Poisson Cokriging for Public Health Response
David Payares Garcia is a PhD student in the Department of Earth Observation Science. (Co)Promotors are prof.dr. A. Stein and dr. F.B. Osei from the Faculty ITC and prof.dr. J. Mateu from the University Jaume I.
Spatial disease mapping is critical for public health surveillance, yet traditional methods struggle with discrete count data and fail to exploit relationships between related diseases. This thesis introduces Poisson cokriging, a comprehensive geostatistical framework for multivariate disease mapping that addresses fundamental challenges in epidemiological analysis.

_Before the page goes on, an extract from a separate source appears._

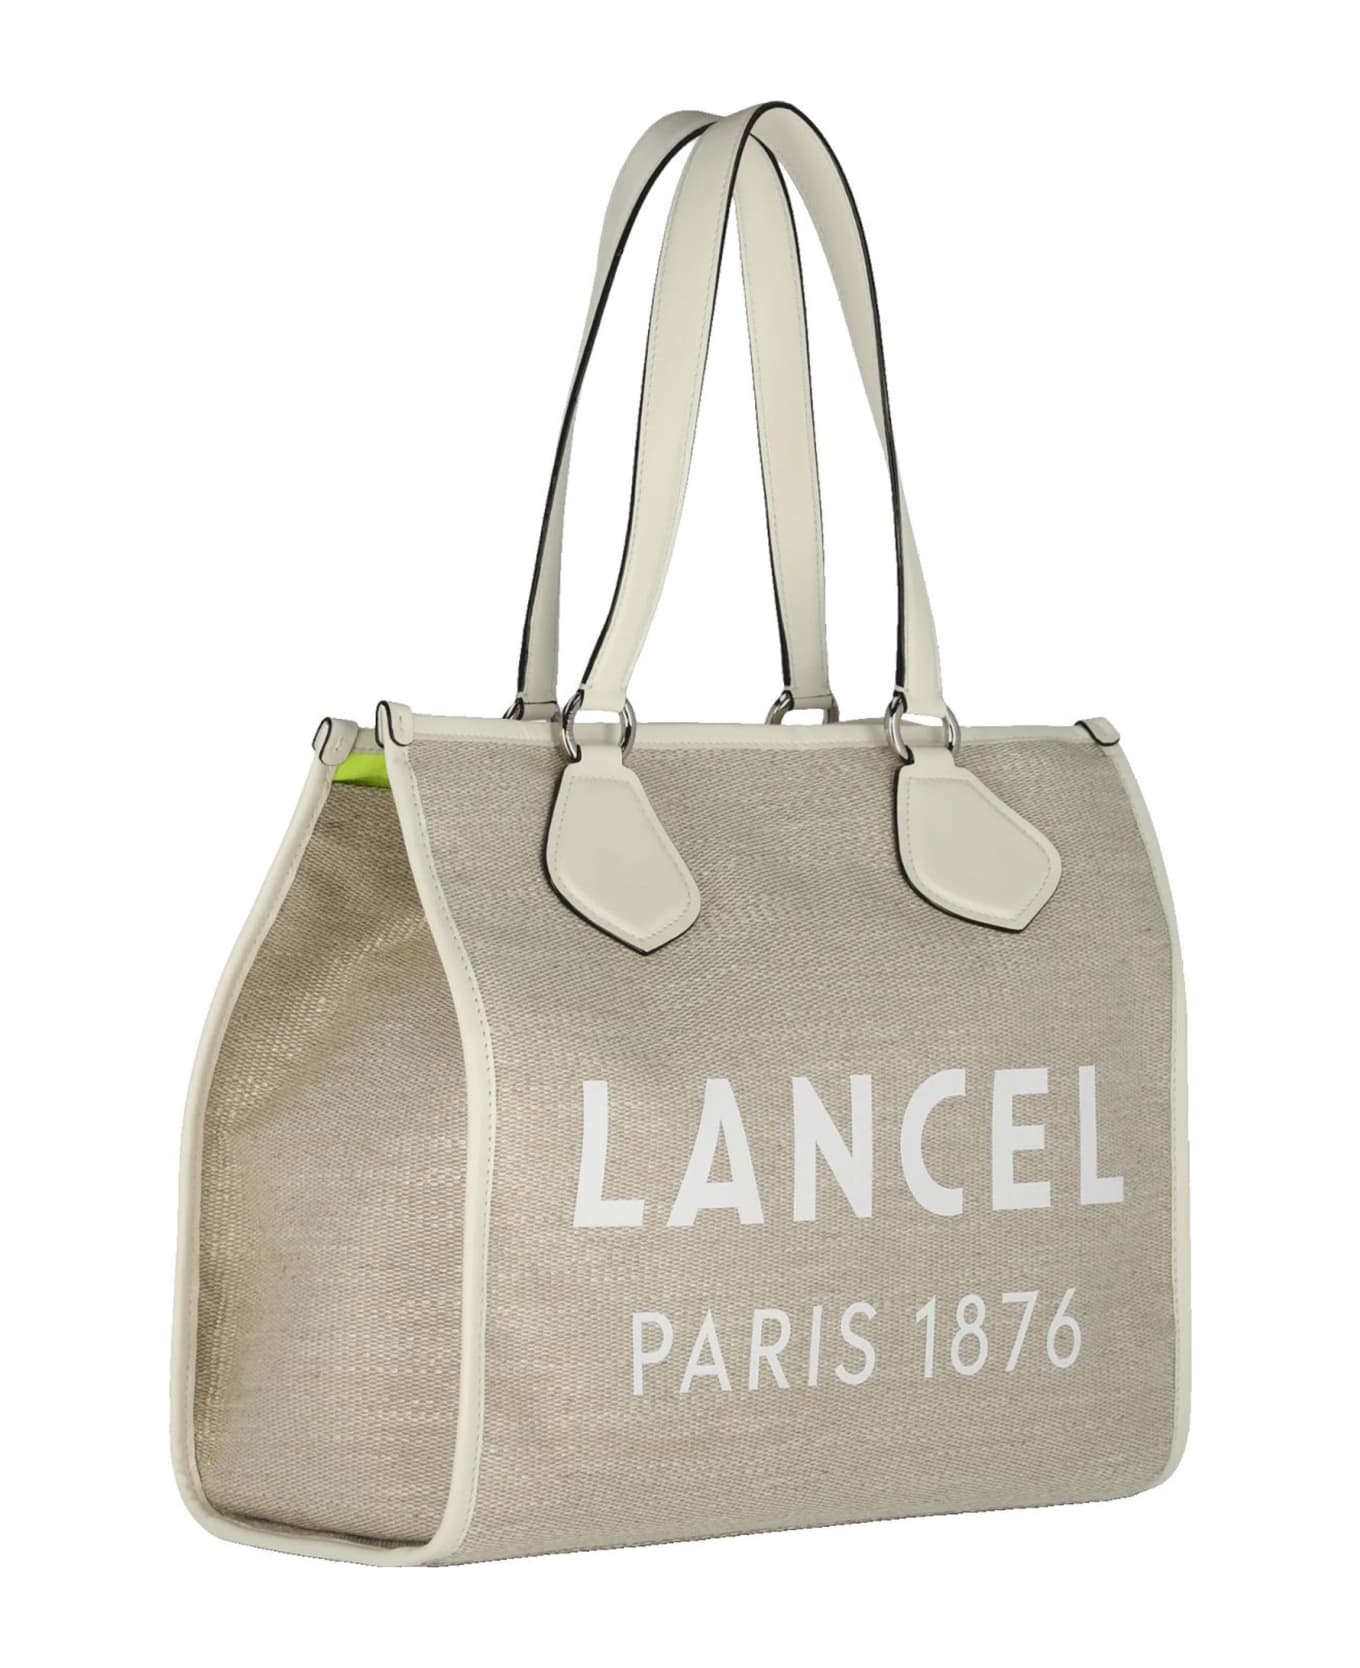 Lancel White Tote Bag - Natural

Poisson cokriging handles count data that violate Gaussian assumptions, stabilizes disease rates in sparsely populated areas, and leverages information from multiple diseases simultaneously. The method incorporates population-weighted estimators and bias correction to account for data heteroscedasticity while maintaining computational efficiency.

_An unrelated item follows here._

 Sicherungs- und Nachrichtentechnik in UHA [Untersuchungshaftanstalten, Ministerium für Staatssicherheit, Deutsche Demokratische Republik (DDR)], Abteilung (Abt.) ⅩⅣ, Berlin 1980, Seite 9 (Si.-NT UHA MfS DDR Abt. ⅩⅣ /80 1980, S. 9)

The thesis systematically develops Poisson cokriging through multiple extensions. The bivariate formulation demonstrates 50-74% improvement in prediction accuracy over univariate methods. Multivariate extensions enable simultaneous analysis of multiple diseases with superlinear improvements. Spatial downscaling through Area-to-Area and Area-to-Point approaches generates high-resolution risk maps from aggregated data with over 98% accuracy. The spatio-temporal extension captures disease dynamics across space and time.

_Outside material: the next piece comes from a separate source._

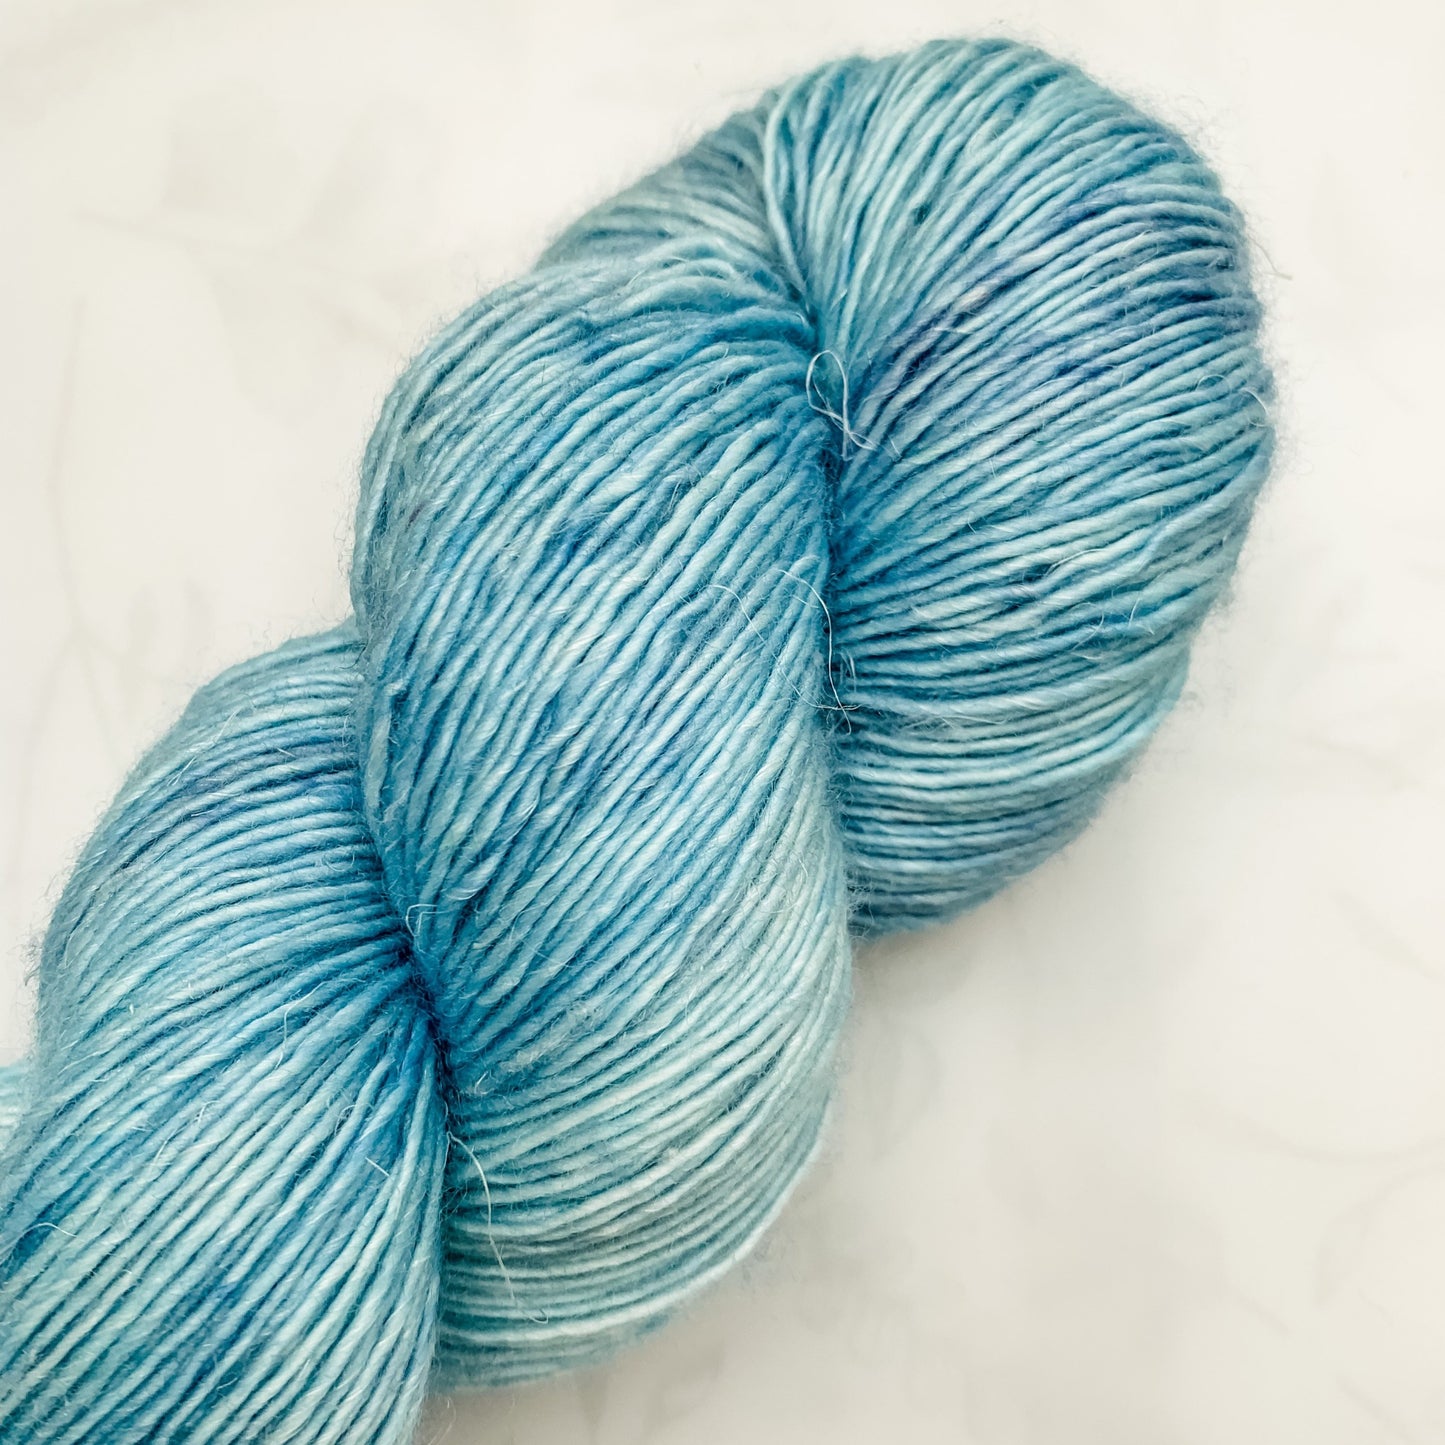 Plateau - Lysefjord Single - Tonal Yarn - Hand dyed yarn

Extensive simulation studies confirm robust statistical properties and exceptional computational efficiency, with analyses completing in seconds compared to hours required by comparable Bayesian methods. Real-world applications demonstrate the method's versatility: arboviral disease mapping in Colombia revealed vector dispersal patterns; COVID-19 analysis in the Netherlands and Colombia uncovered syndemic relationships with chronic diseases; HIV/STD mapping in Pennsylvania effectively handled sparse data; and suicide rate analysis across the United States identified continental-scale patterns informing national prevention strategies.
Poisson cokriging bridges methodological innovation and practical application, enabling accurate disease mapping in diverse settings, identifying syndemic patterns, supporting real-time surveillance, and providing uncertainty quantification for resource allocation. The method equips health agencies with rigorous yet computationally feasible tools for modern disease surveillance and intervention planning.